■ **WORK TASK**
Only the lines from the one with "brown wooden bench near brown wooden door" to the end of the listing below should be set down, exactly as written and without any pictures.

*** DATA BELOW Section Begins ***

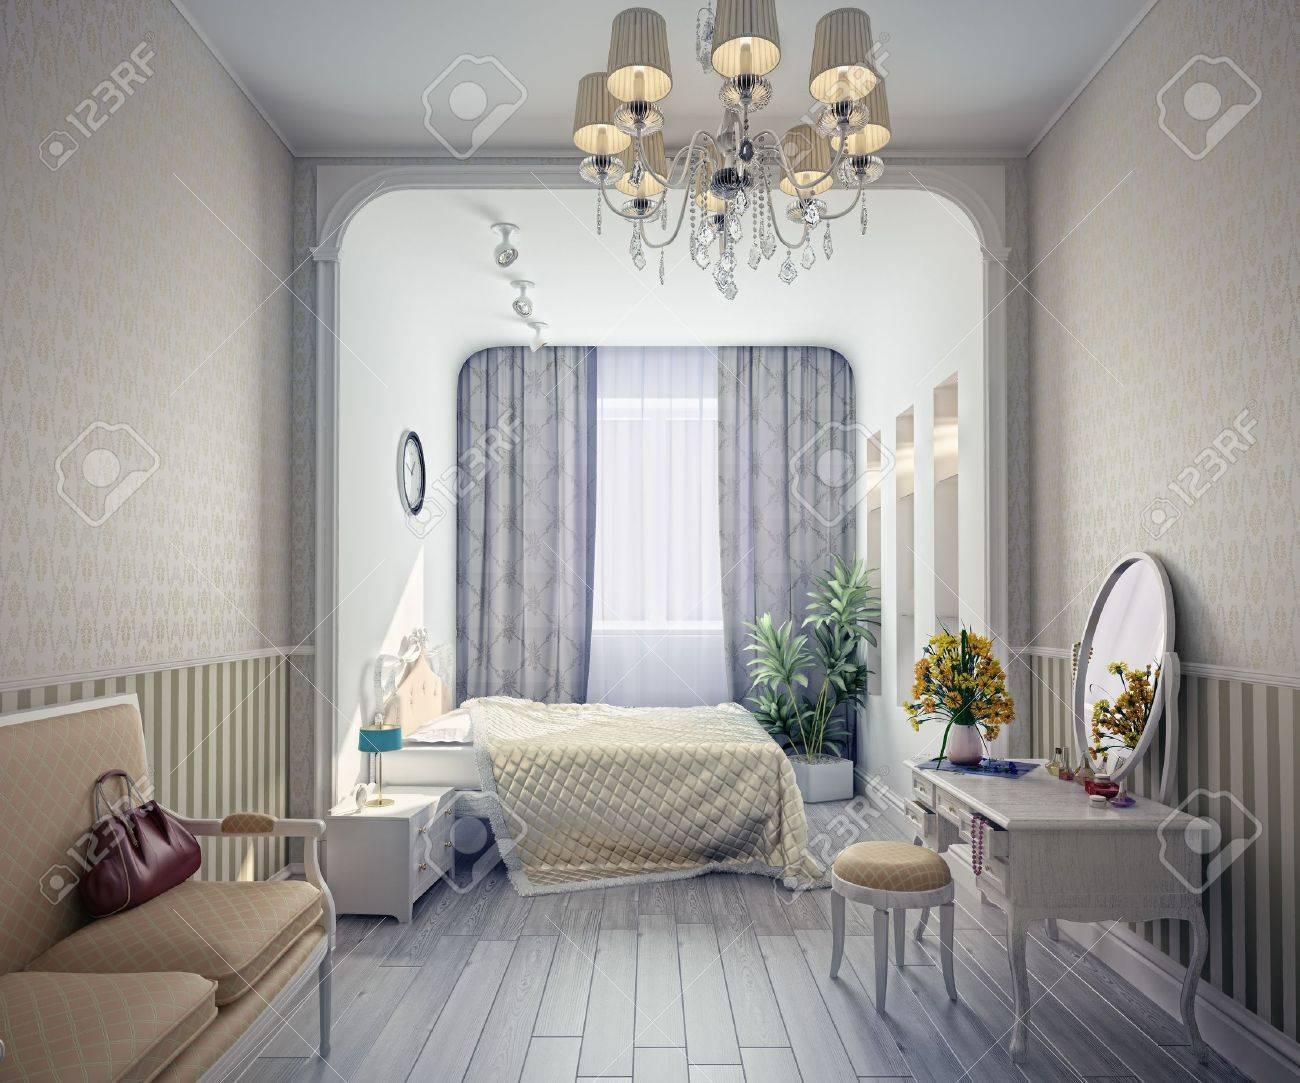 modern luxury bedroom interior (3D rendering) Stock Photo - 9863001
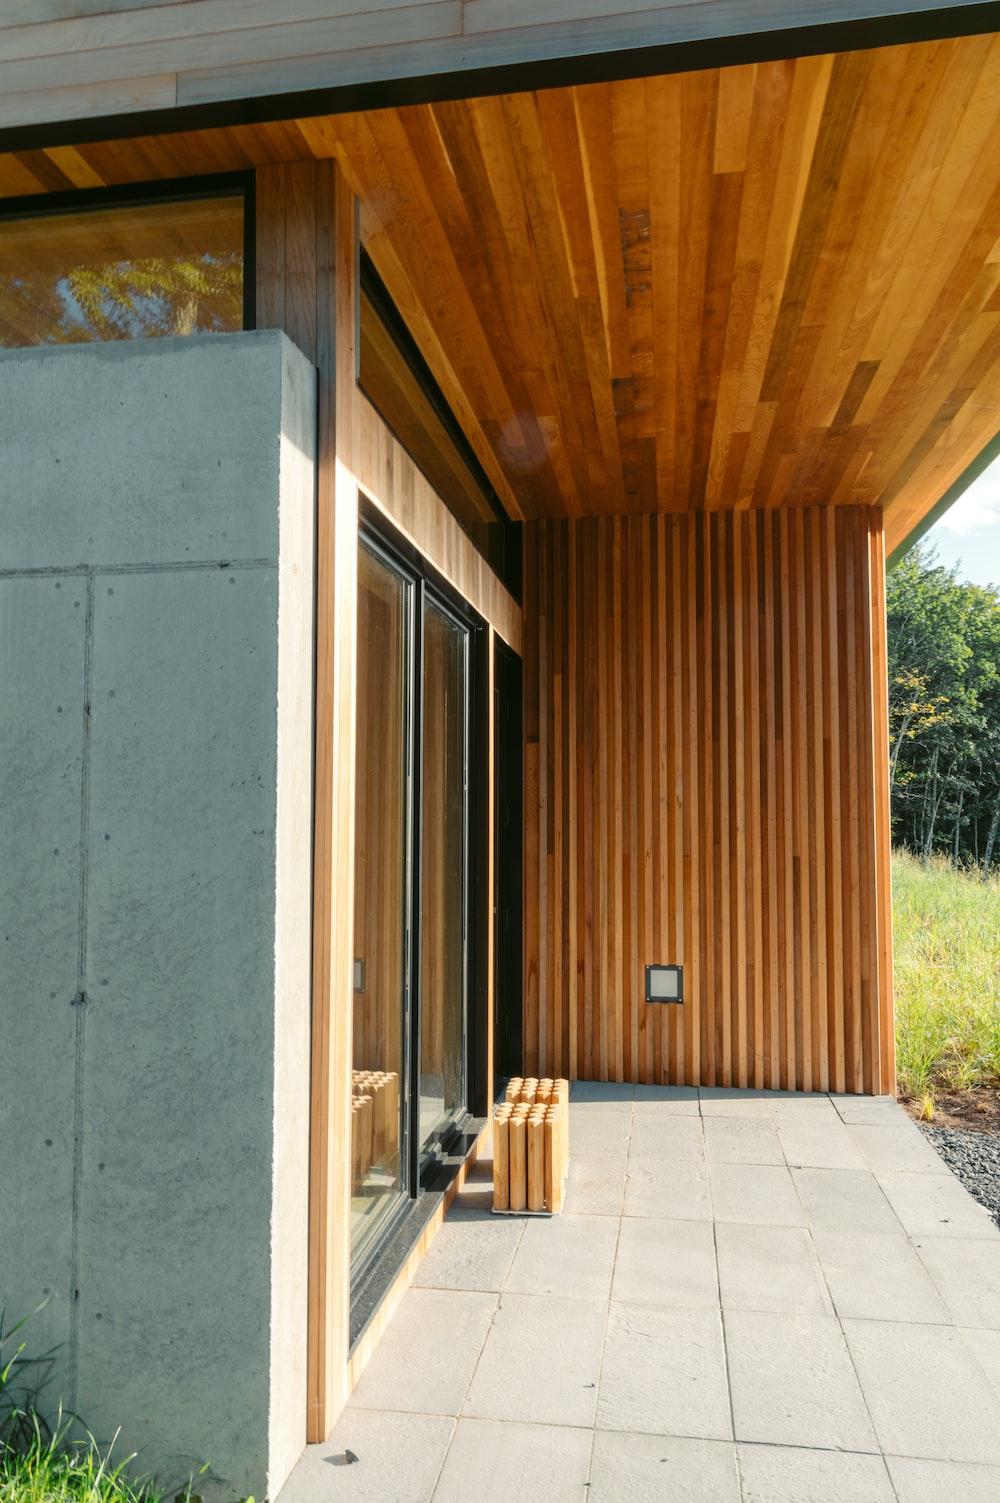 brown wooden bench near brown wooden door
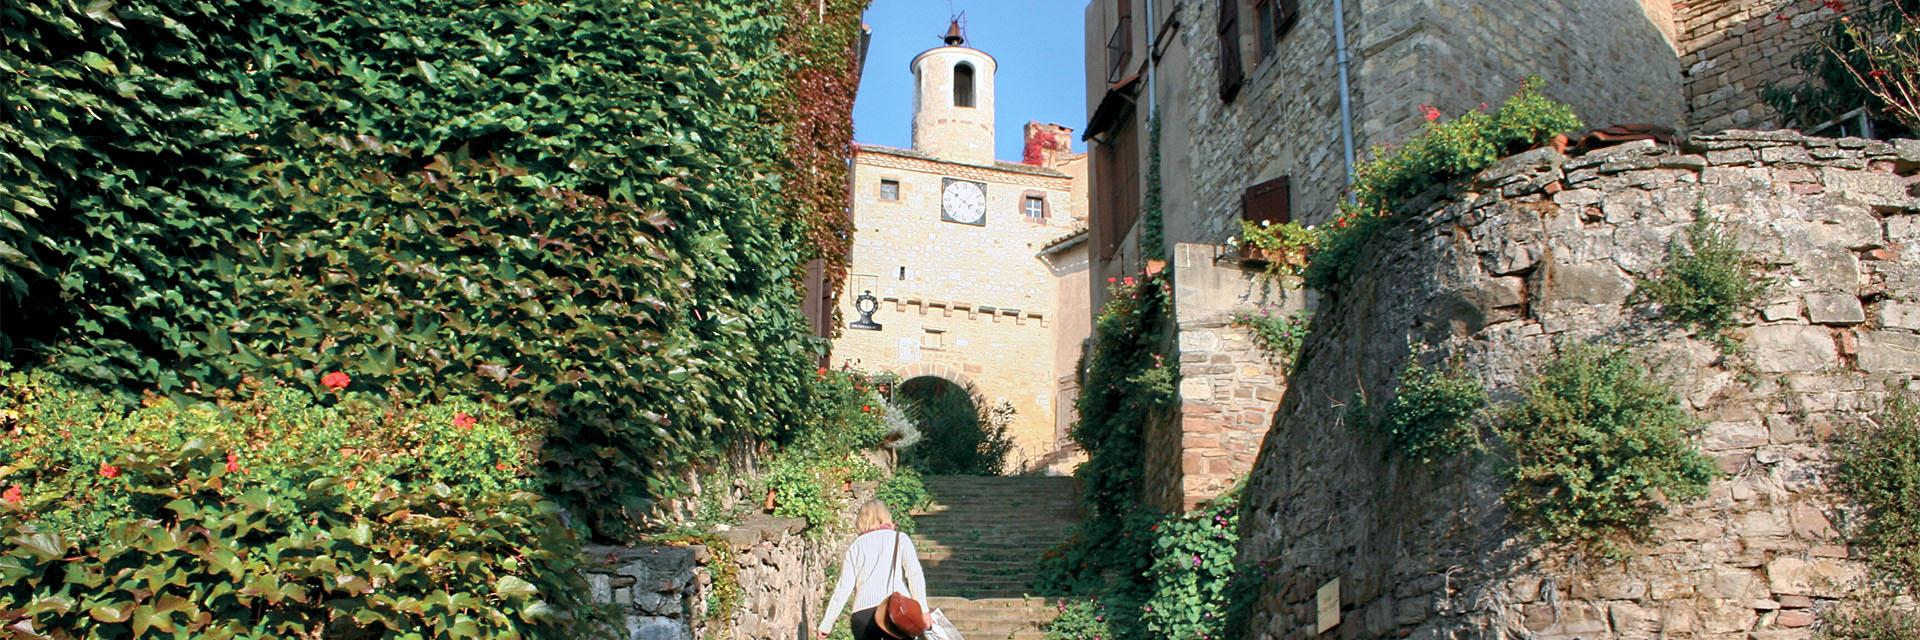 Village_club_vacances_aveyron-cantal-et-ardèche-maison-des-cent-vallées-chateau-de-najac

*** DATA BELOW Section Ends ***

■ **WRITTEN ANSWER**
 brown wooden bench near brown wooden door
 Village_club_vacances_aveyron-cantal-et-ardèche-maison-des-cent-vallées-chateau-de-najac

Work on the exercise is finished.